No movement yet on potential new gravel mine in Summit County | SummitDaily.com

No movement yet on potential new gravel mine in Summit County

A driver passes an 80-acre parcel north of Silverthorne in Summit County that was bought by Peak Materials in October. The company aims to start a gravel-mining operation on the land, but a group of residents has sprung up to oppose the company's plan.
Eli Pace / epace@summitdaily.com

A group of Summit County residents staunchly opposed to a new gravel-mining operation has raised enough money to start fighting it. The only problem is, there’s nothing for them to try to shoot down just yet.

Following a well-attended Dec. 13 open house about a potential gravel mine north of Silverthorne, many people are wondering when the company trying to start the gravel mine, Peak Materials, will file for the necessary permitting.

Peak Materials bought the roughly 80-acre Hillyard property that’s since been earmarked for a new gravel-mining operation in October. The land rests along the river west of Highway 9, about a mile south of Ute Pass Road and 12 miles north of Silverthorne, by the confluence with Slate Creek.

To mine it, Peak Materials will need two permits — one allowing mining on the Hillyard property and another to import the materials to the company’s existing facility in Silverthorne.

Speaking over the phone with Joanna Hopkins, who’s been affiliated with Peak Materials for 15 years, it sounds as if the company is slow-playing filing for the permits while officials with Peak Materials look to ease opposition and produce the best proposal they can.

“With all of the comments and feedback we’ve received, we are taking the time to really understand and fully address any short-term effects that may occur during project operations and maximize the long-term benefits that the entire community will enjoy when the site is ultimately reclaimed,” Hopkins said.

Some of the concepts presented at December’s open house include building a new park with a lake and river access once mining at the site is done. It’s only an estimated timeline, but the company has forecast that mining operations could last on the Hillyard property for about 10 years.

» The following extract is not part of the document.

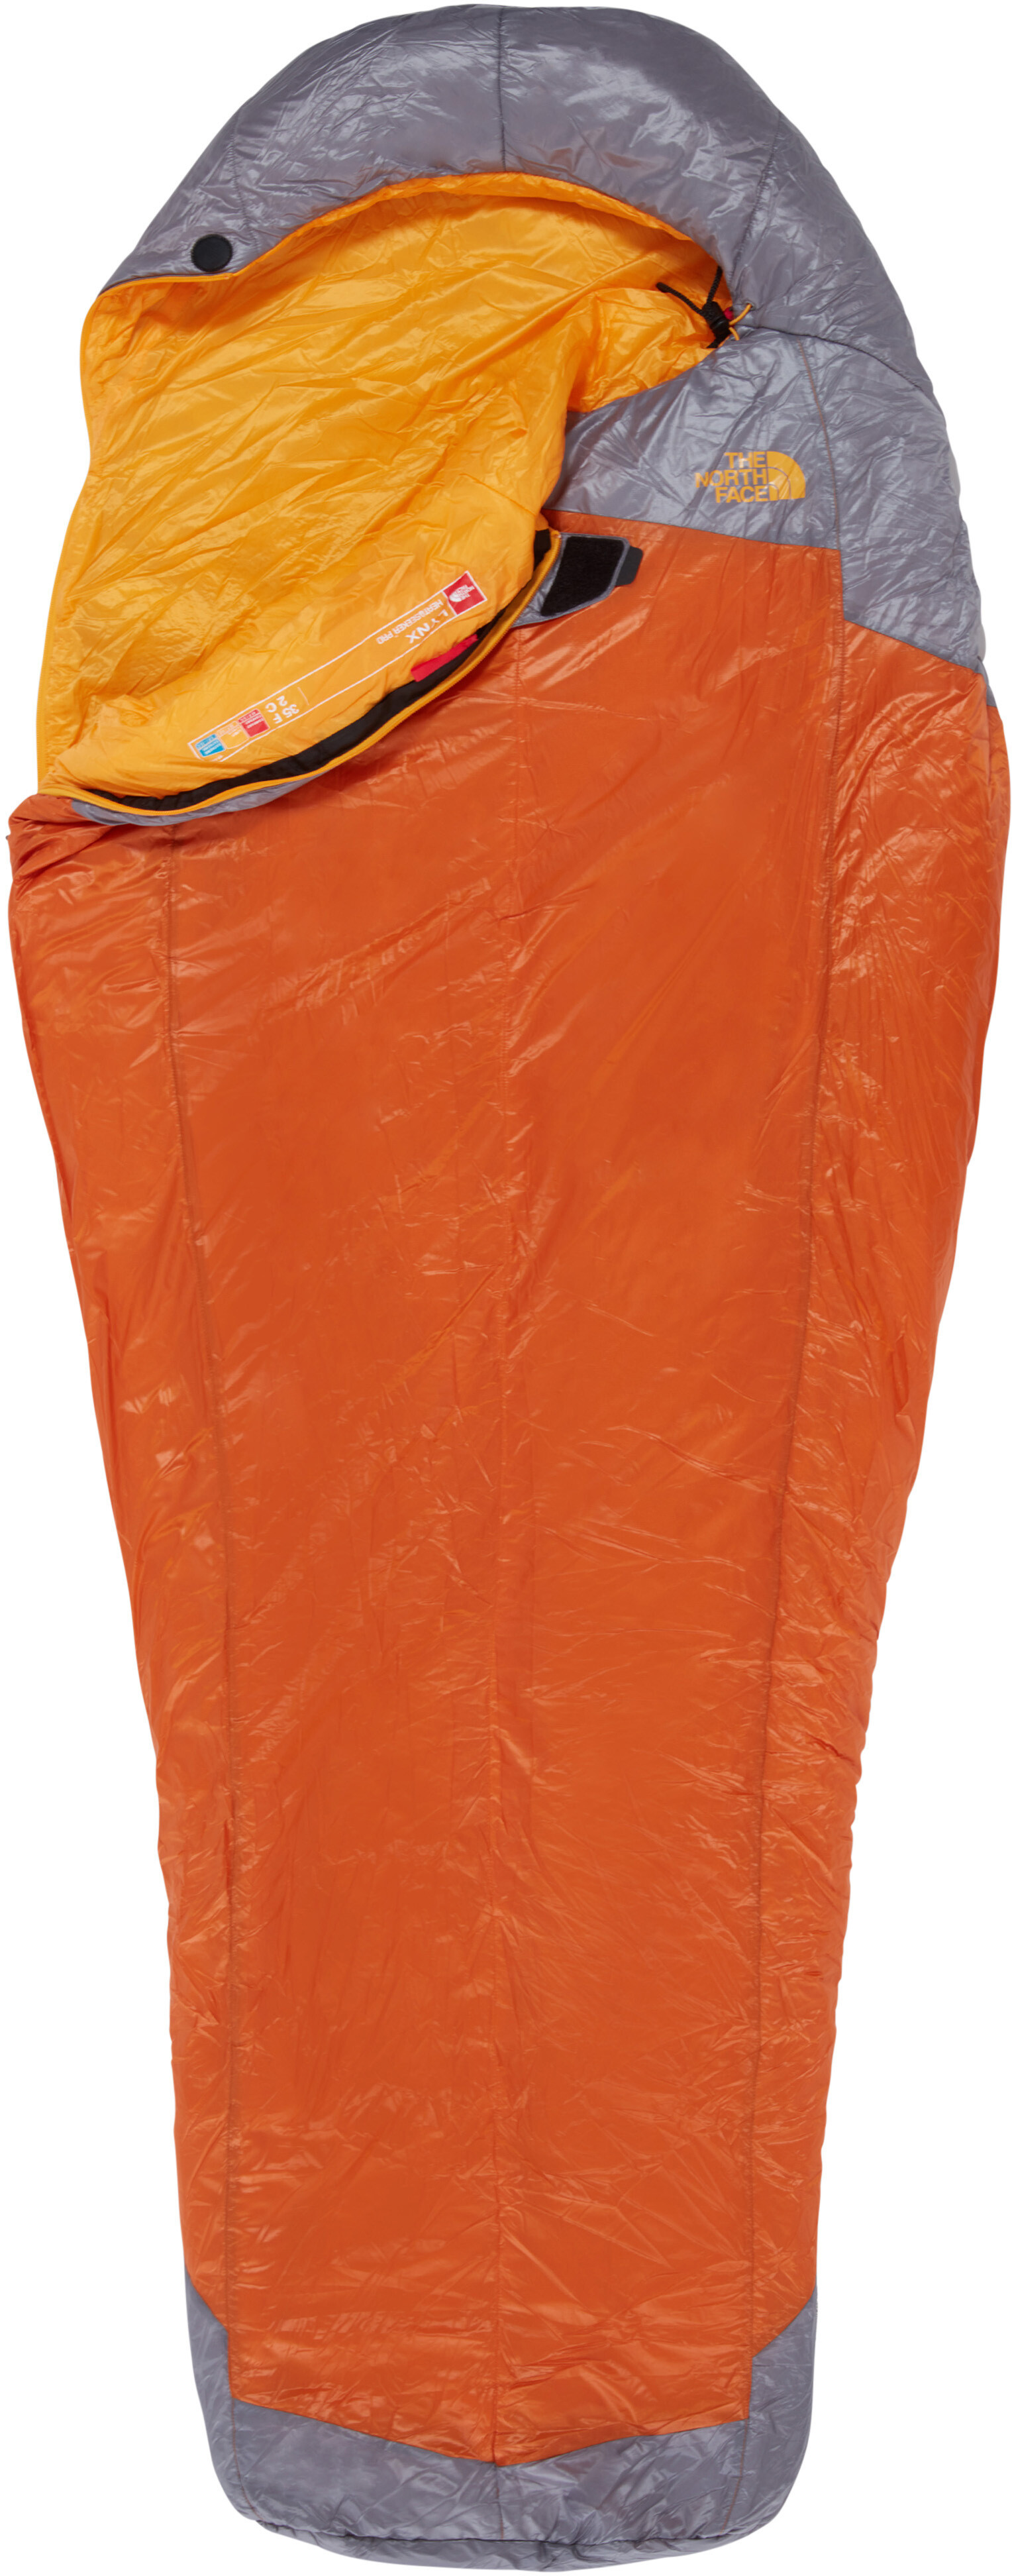 d0f7f95e7c The North Face Lynx - Sac de couchage - regular gris/orange ...
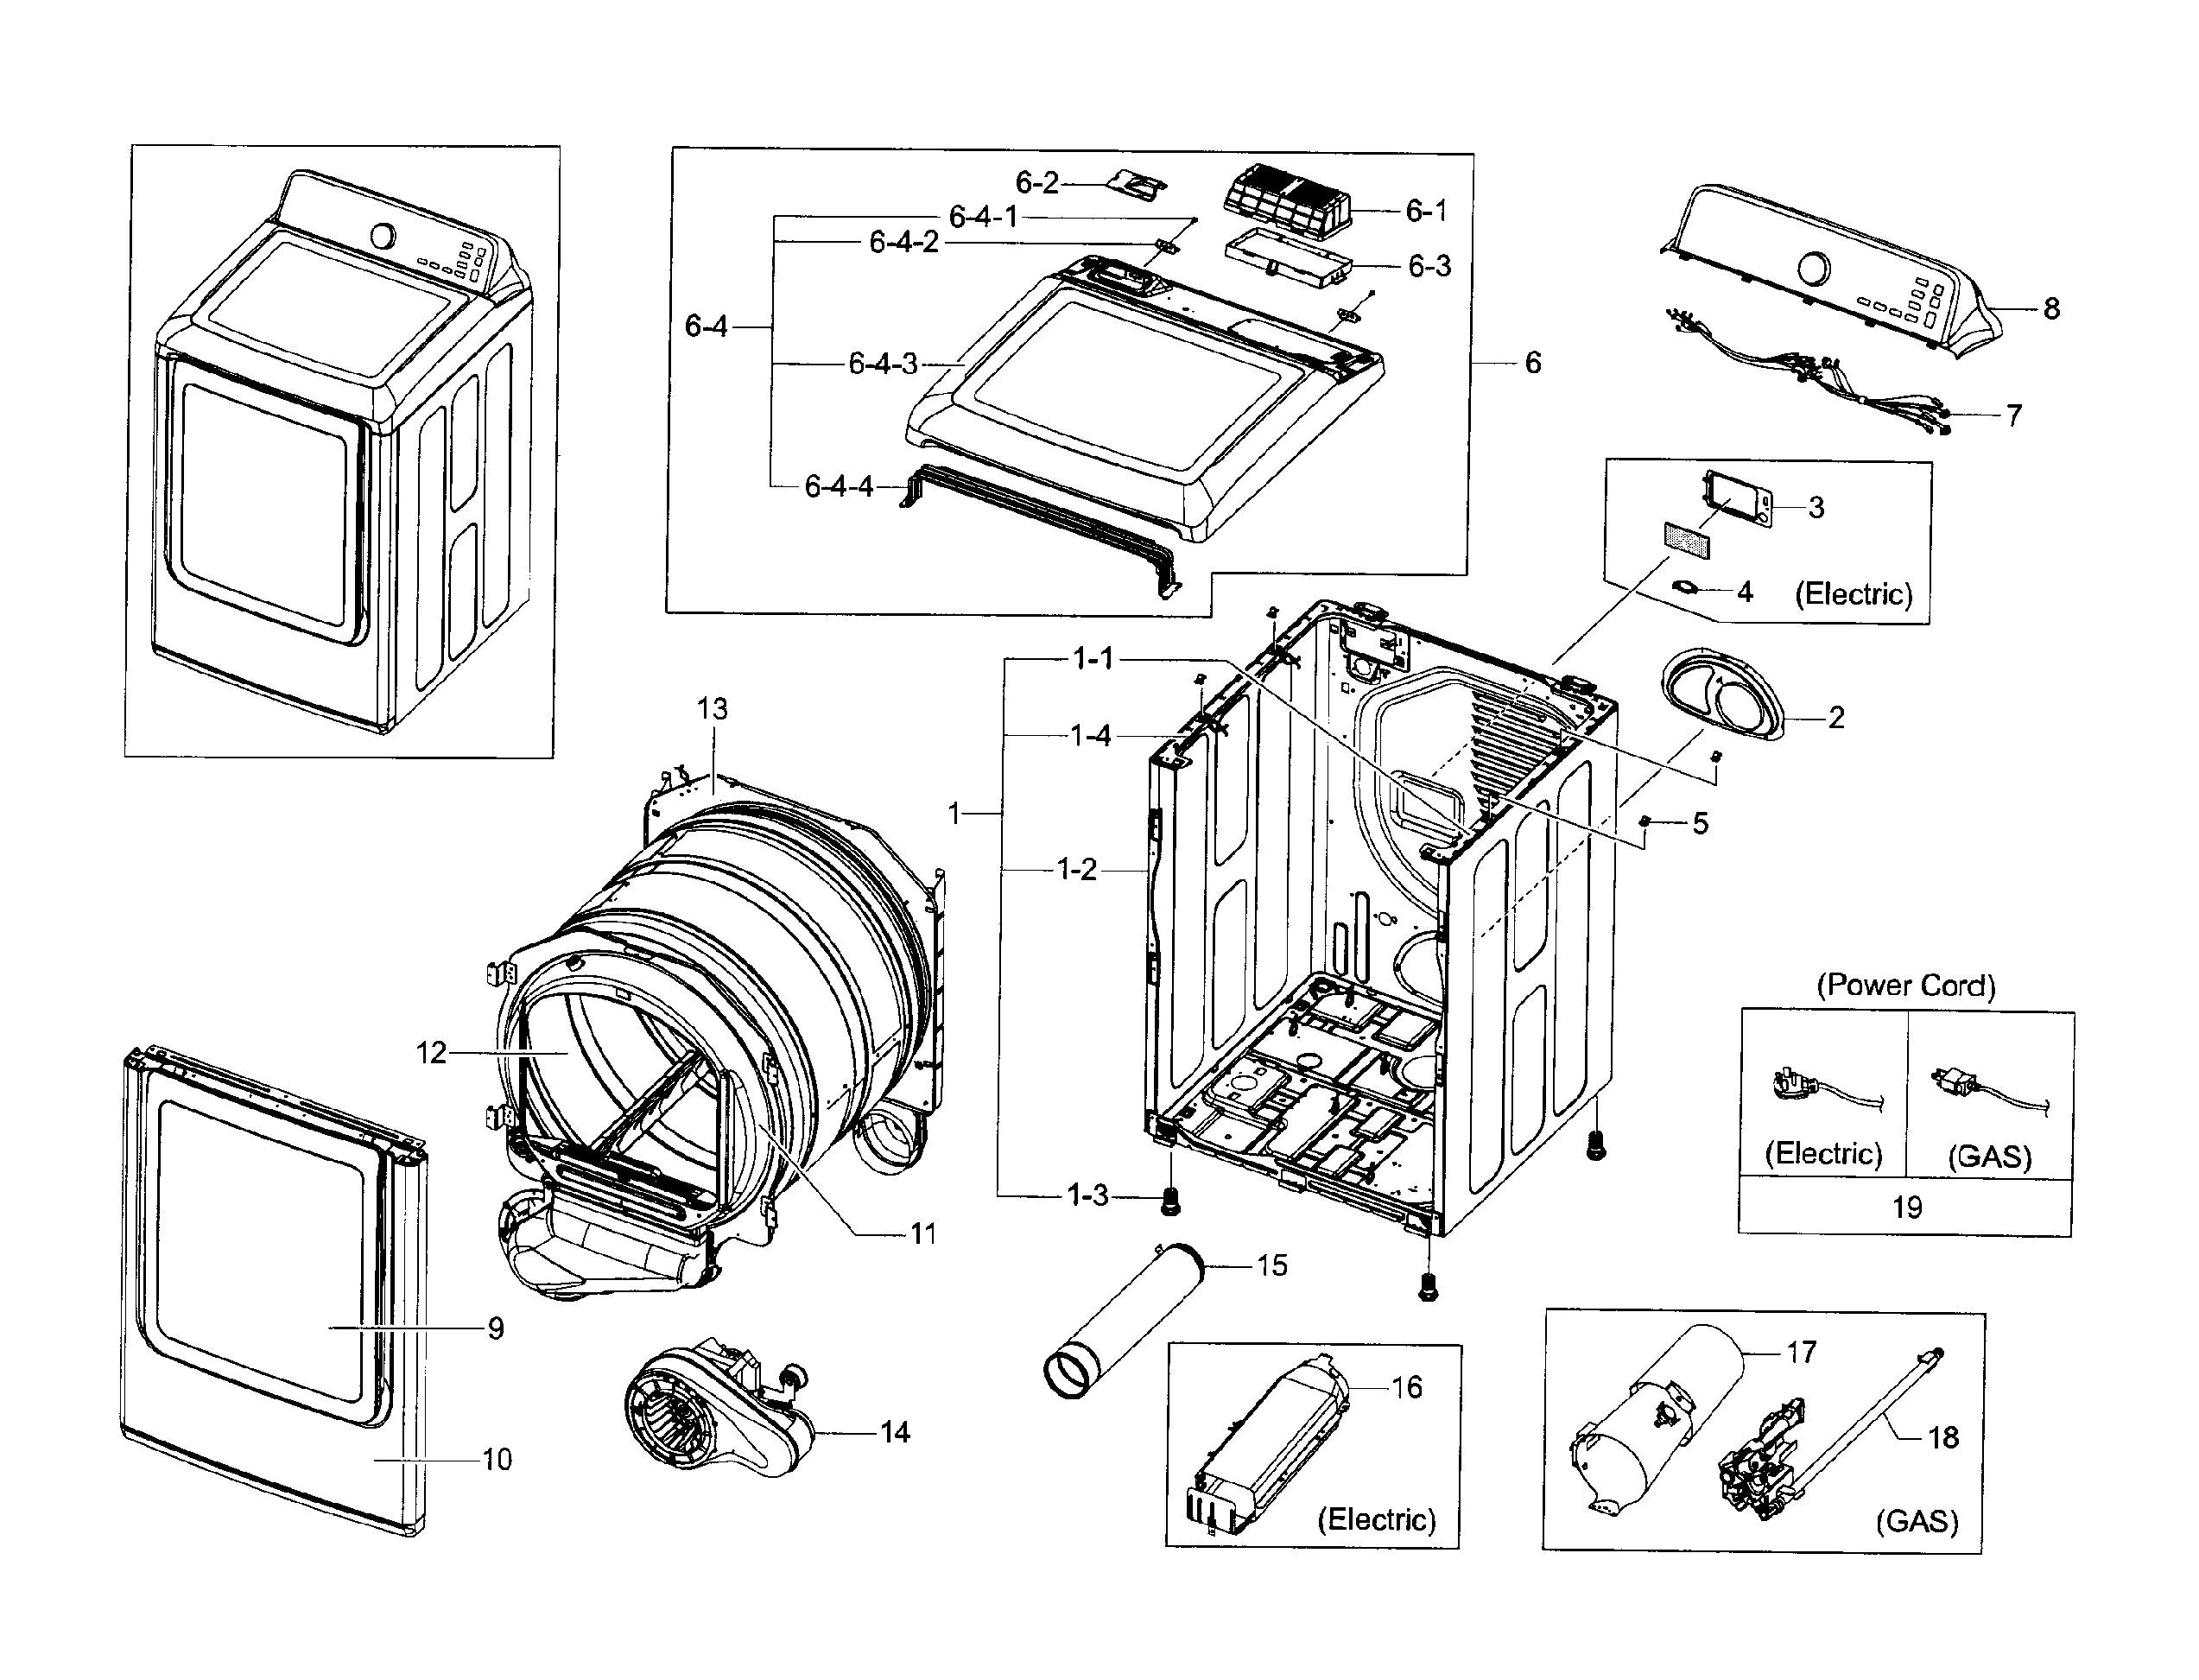 Samsung Dryer Dve G 50r5400 Wiring Diagrams Find Out Here Wiring Diagram for Samsung Dryer Heating Element Sample Of Samsung Dryer Dve G 50r5400 Wiring Diagrams

“We’re still working through all of that, but at the end of the day it will be restored to a beautiful property,” Hopkins promised.

Whatever Peak Materials comes up with, it’s unlikely the company will find much common ground with a group of locals who are vehemently against the proposed gravel mine unless the company is willing to altogether abandon its plans.

“All of this industrial is antithetical to the Lower Blue master plan,” John Fielder said, noting that the county’s vision for the area north of Silverthorne calls for rural, agrarian land uses like ranches, open space and wilderness, not industrial mining.

As a result, Fielder founded Lower Blue Residents United, which has now raised over $100,000 to hire expert witnesses for county hearings, along with a new chief legal strategist in Harris Sherman.

According to his bio, Sherman runs a consulting firm that specializes in public lands, energy, water, mining, forestry, recreation, Native American and conservation strategies. An attorney for over 30 years, Sherman has represented major corporations, utilities, foundations, states, cities, counties, local districts and Native American tribes on a wide variety of governmental and natural resource-related issues.

“Harris Sherman is about as good as it gets,” Fielder said.

Explaining their concerns, Fielder said that Residents United has 520 people on its mailing list, and the group is worried about potential impacts on wildlife and the landscape, as well as water-quality issues. However, they believe the single greatest impact will be added truck traffic on the highway.

Based on figures provided at the open house, Peak Materials has pitched having as many as 230 truck trips a day going from the Hillyard Property to the Peak Materials facility in Silverthorne at Maryland Creek, Fielder said.

He explained that equates to 115 empty truck trips going one way and 115 trips going the other direction with full loads, which would put a gravel truck entering the highway every three minutes during the company’s hours of operations.

“We believe that has massive safety issues for human beings and all the people using Highway 9,” Fielder warned, adding that all the truck traffic will come with additional noise, pollution and potentially more vehicle collisions.

Over the phone, Hopkins acknowledged a lot of attention has been paid to potential truck counts, but she declined to comment on them specifically. Instead, Hopkins said that Peak Materials is adjusting its plan accordingly and, when it’s ready, will address those concerns.

“We certainly heard the public on all their comments in December, and we are taking this time to be very diligent about how to address those,” Hopkins said. “We just ask for everyone’s patience as we prepare our plans, and we will circulate those back out when they’re ready.”

Meanwhile, another group of Summit County residents — Friends of the Lower Blue River — has been trying to maintain a neutral stance while keeping a close eye on the permitting process and checking in with county planners every week to see if Peak Materials has filed for the two permits.

The county’s review process won’t begin until the permit applications have been received, at which point the Lower Blue Planning Commission will consider the applications and hold public hearings as part of the process.

While the planning commission would rule on the permits, the issue could come before the three-member Summit Board of County Commissioners who would handle any appeals to the planning commission’s decision.

Referencing the likelihood the permits could come before the county commissioners, Fielder said Sherman has been hired to help Residents United “defeat the proposal at every level of county government.”